■ **DIRECTIONS FOR THIS TASK**
Print the whole listing again exactly as it stands, leaving out any images.

■ **GIVEN MATERIAL**
··········
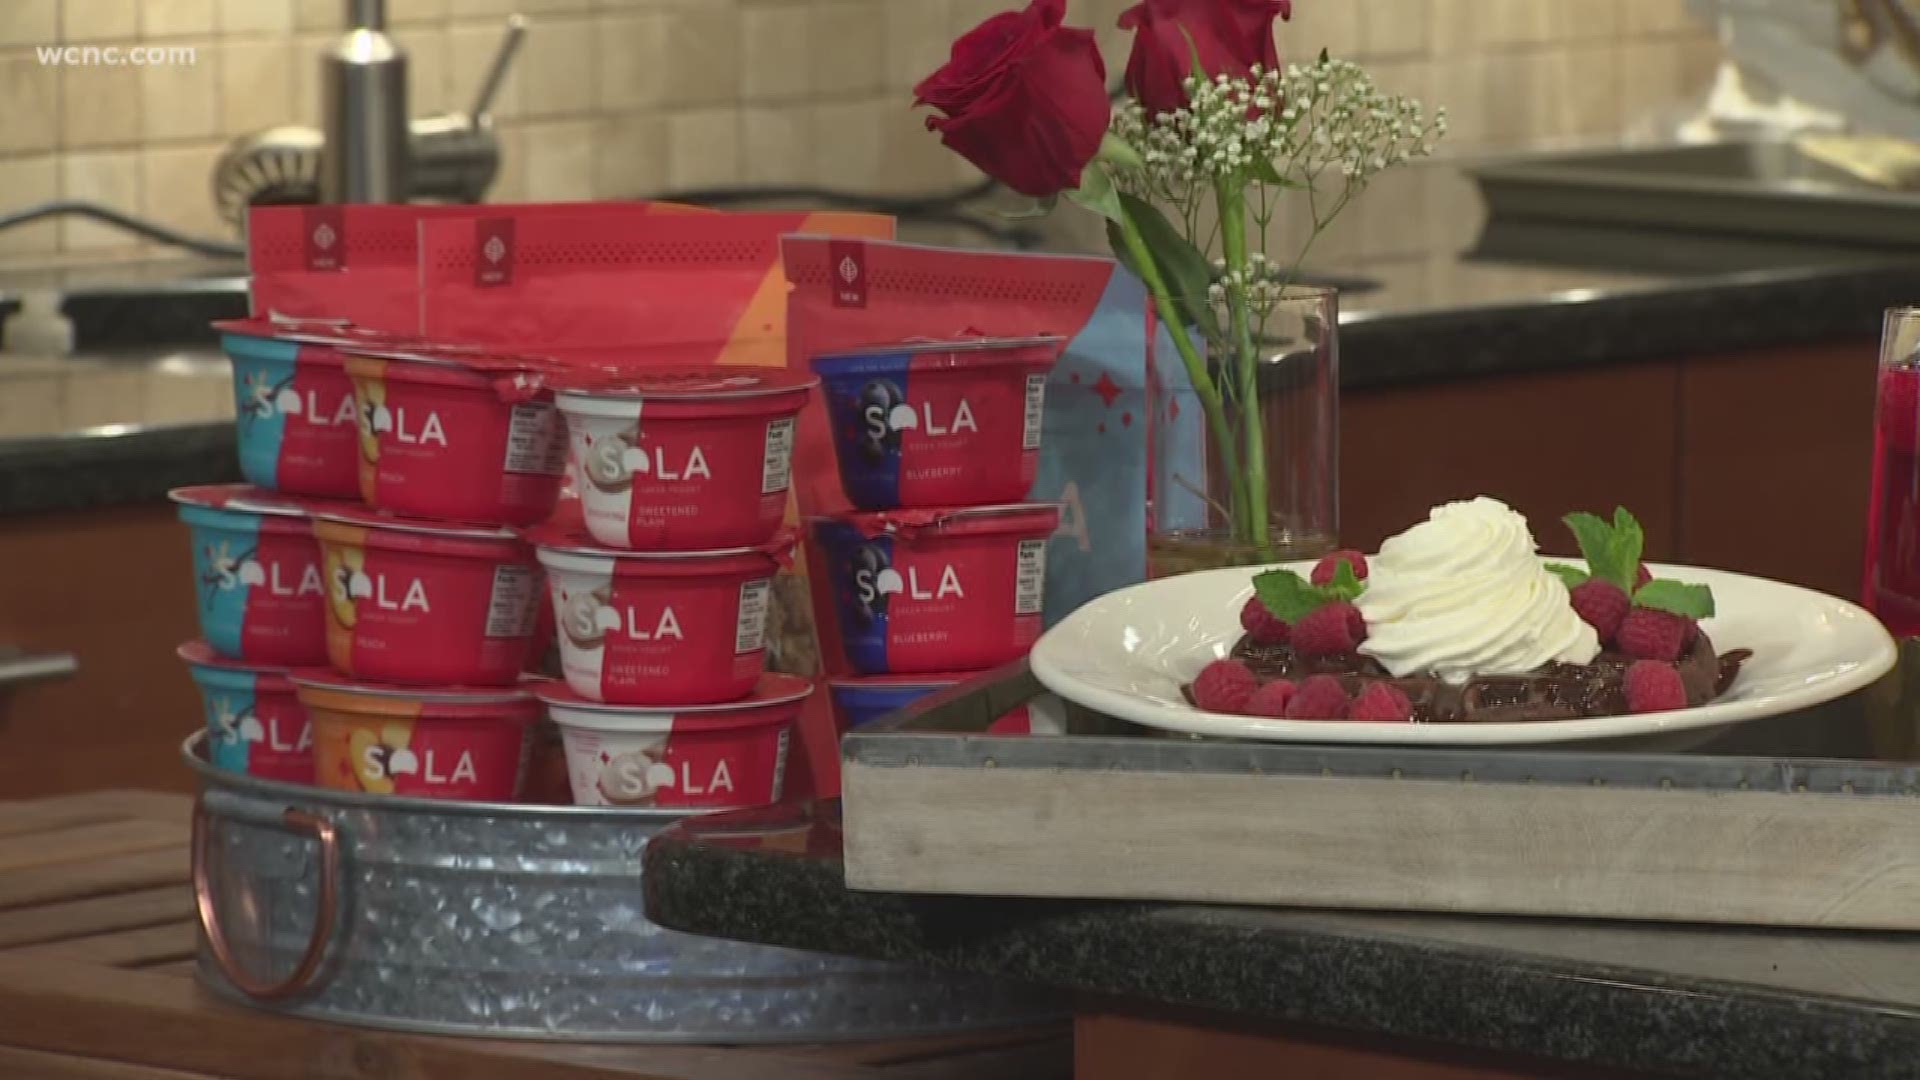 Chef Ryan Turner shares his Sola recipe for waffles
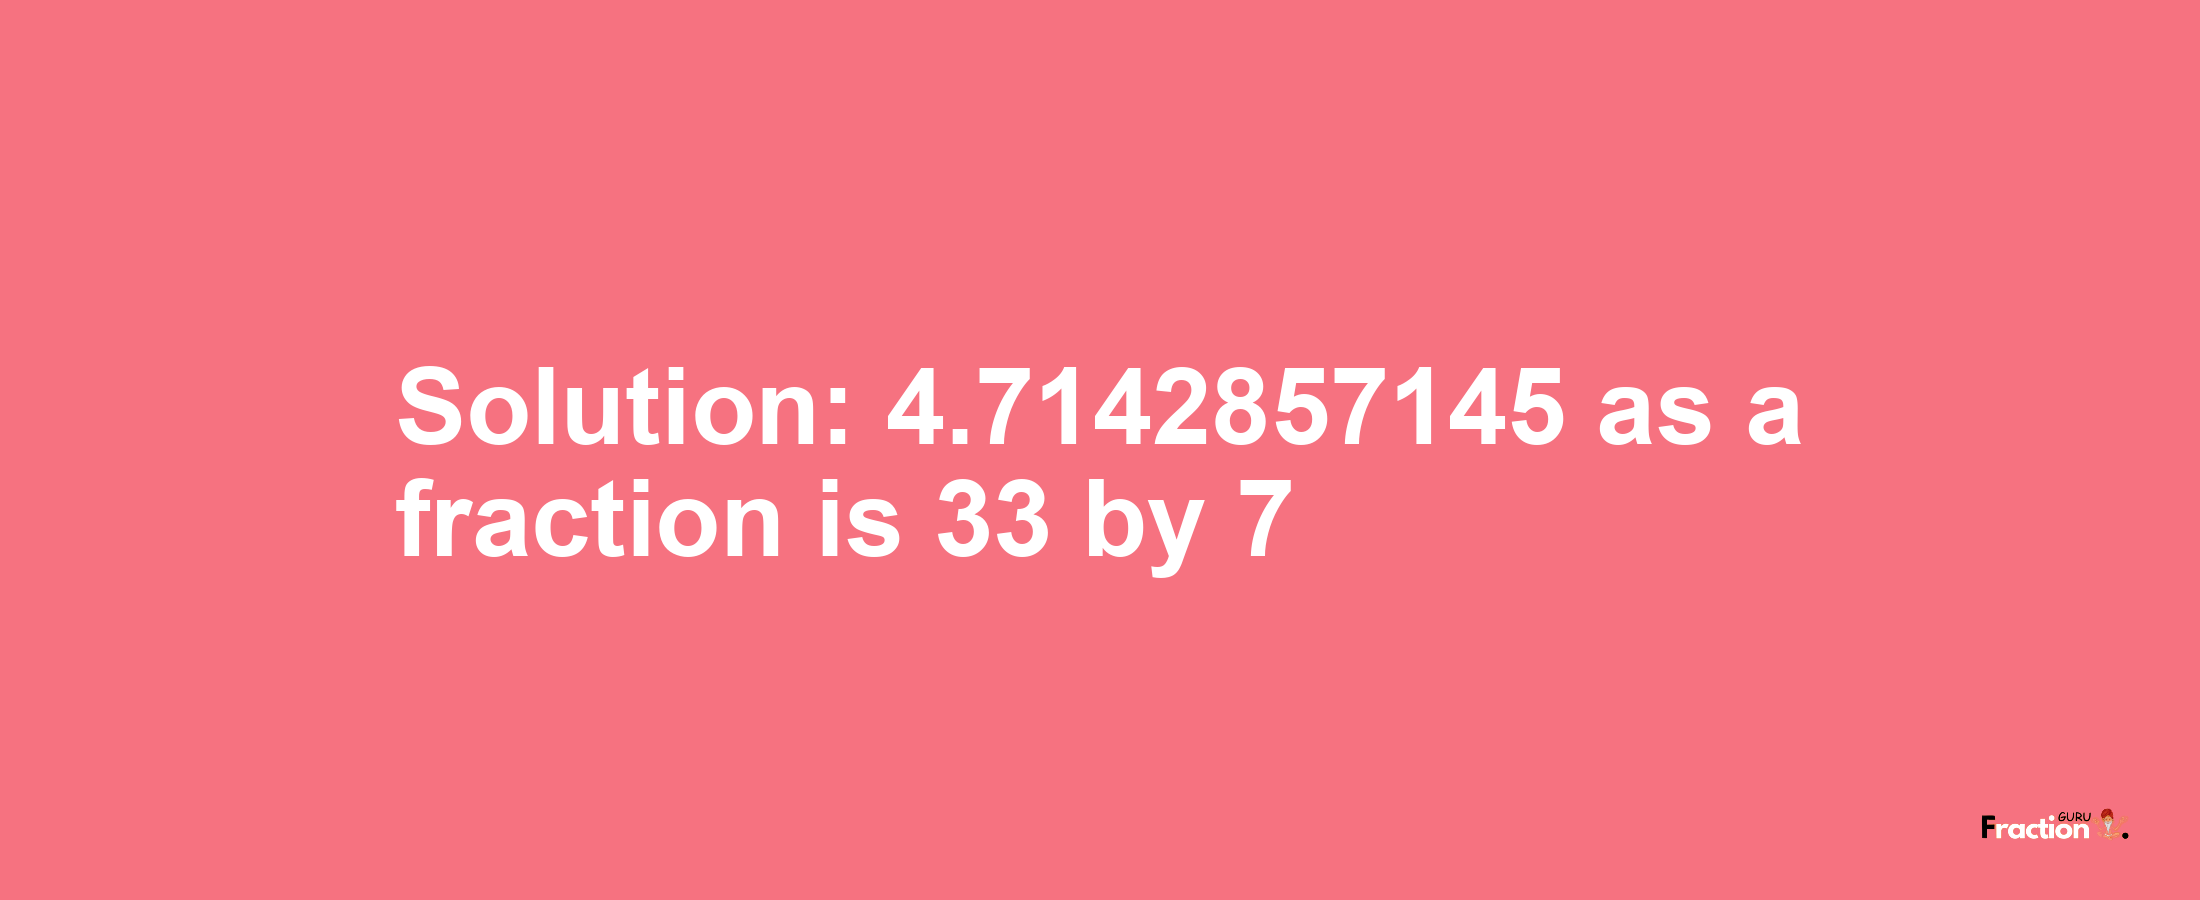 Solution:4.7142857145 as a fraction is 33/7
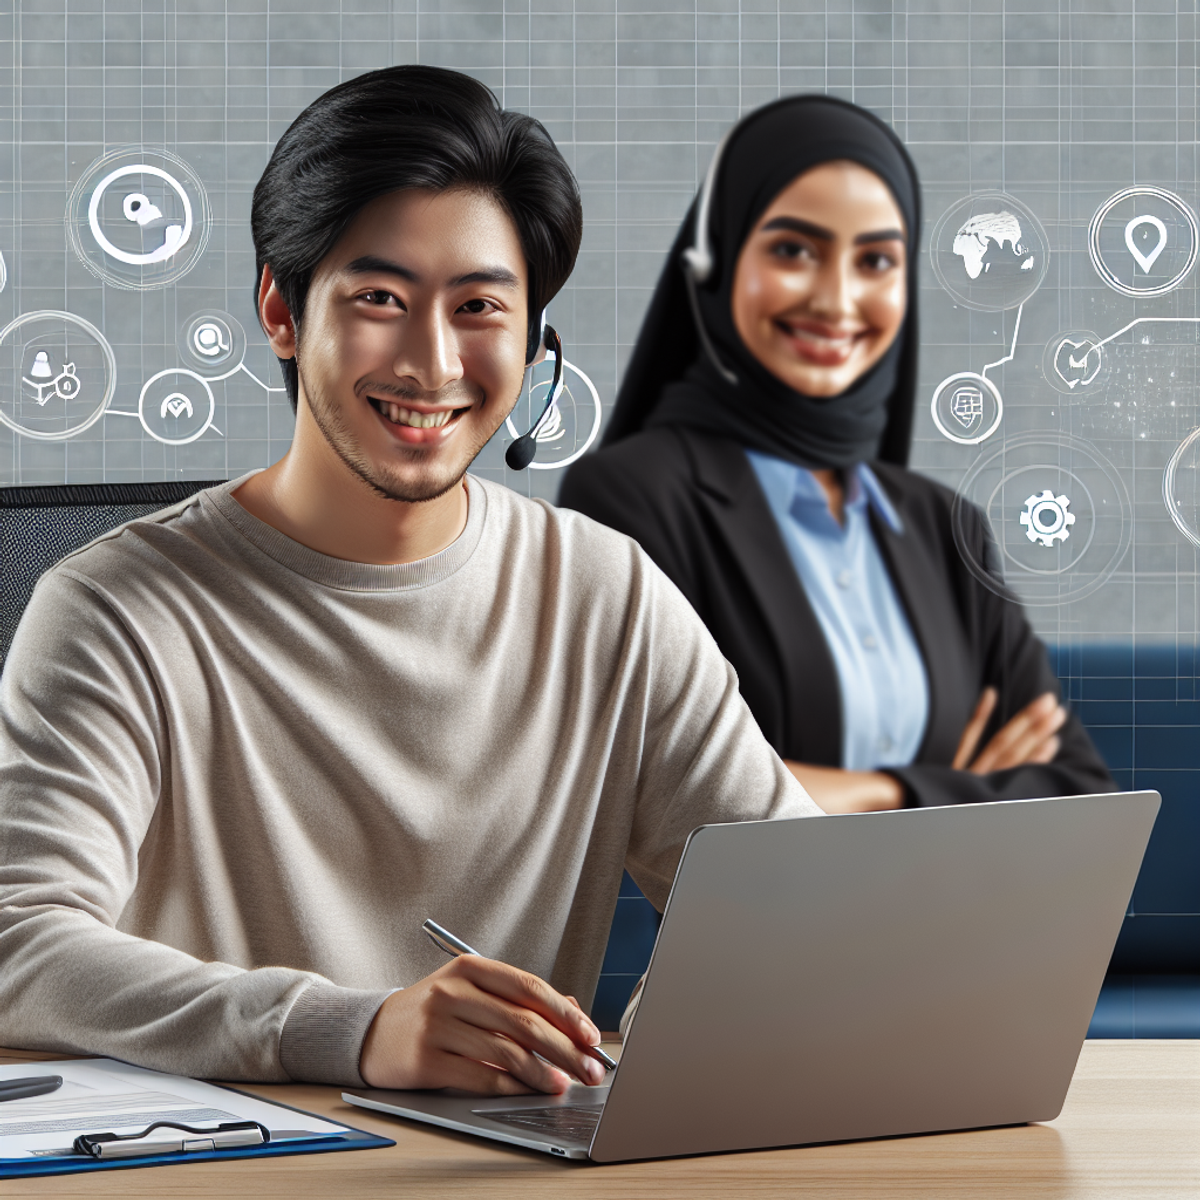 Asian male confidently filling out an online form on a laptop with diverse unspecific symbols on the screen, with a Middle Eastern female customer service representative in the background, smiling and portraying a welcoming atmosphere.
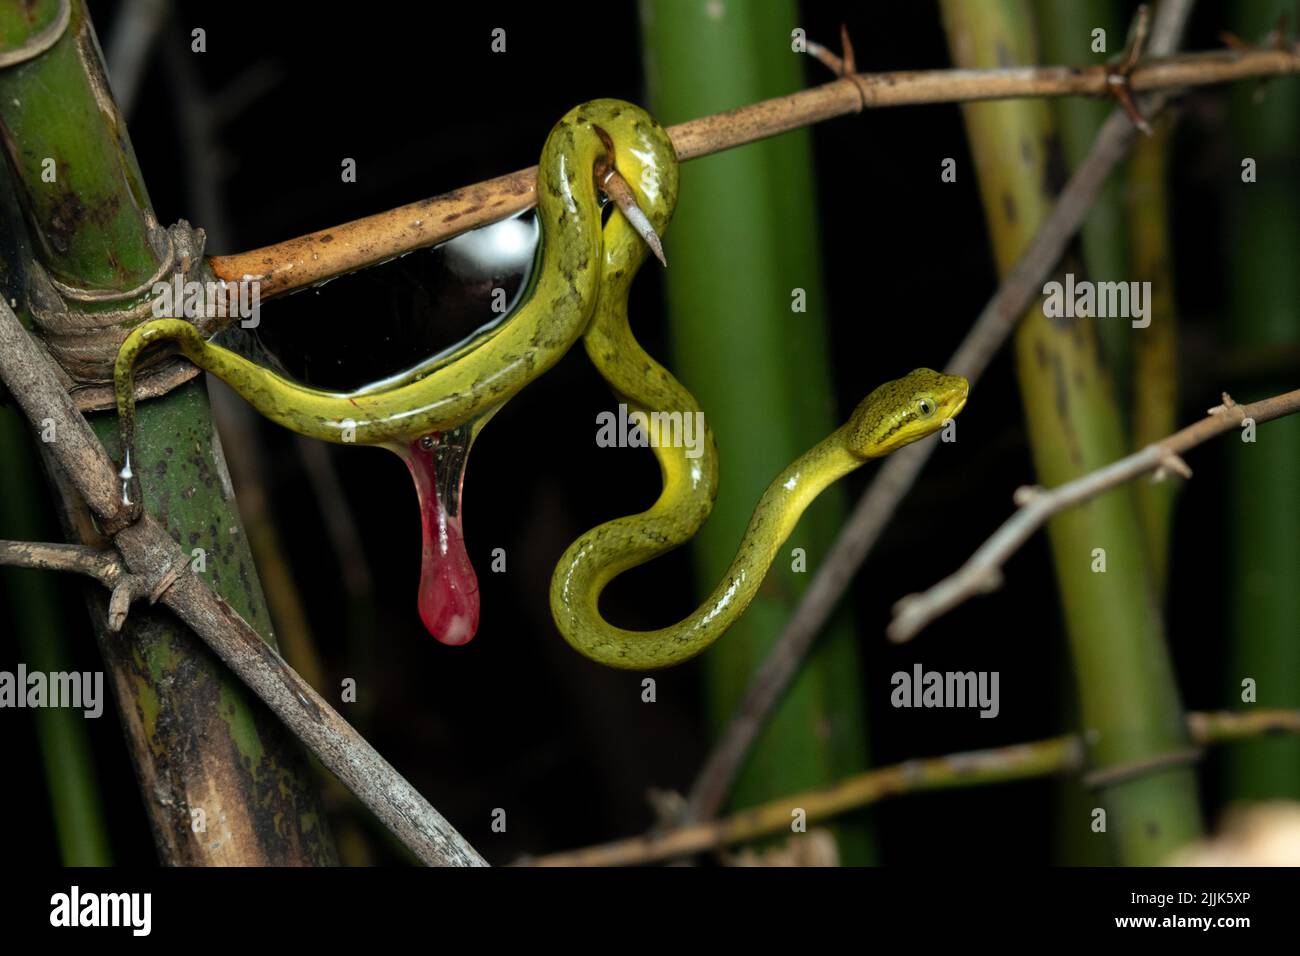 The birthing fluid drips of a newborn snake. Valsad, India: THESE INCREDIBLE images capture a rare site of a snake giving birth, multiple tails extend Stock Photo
··········
■ **ANSWER BOX**
 Chef Ryan Turner shares his Sola recipe for waffles
 Solution:4.7142857145 as a fraction is 33/7
 Asian male confidently filling out an online form on a laptop with diverse unspecific symbols on the screen, with a Middle Eastern female customer service representative in the background, smiling and portraying a welcoming atmosphere.
 The birthing fluid drips of a newborn snake. Valsad, India: THESE INCREDIBLE images capture a rare site of a snake giving birth, multiple tails extend Stock Photo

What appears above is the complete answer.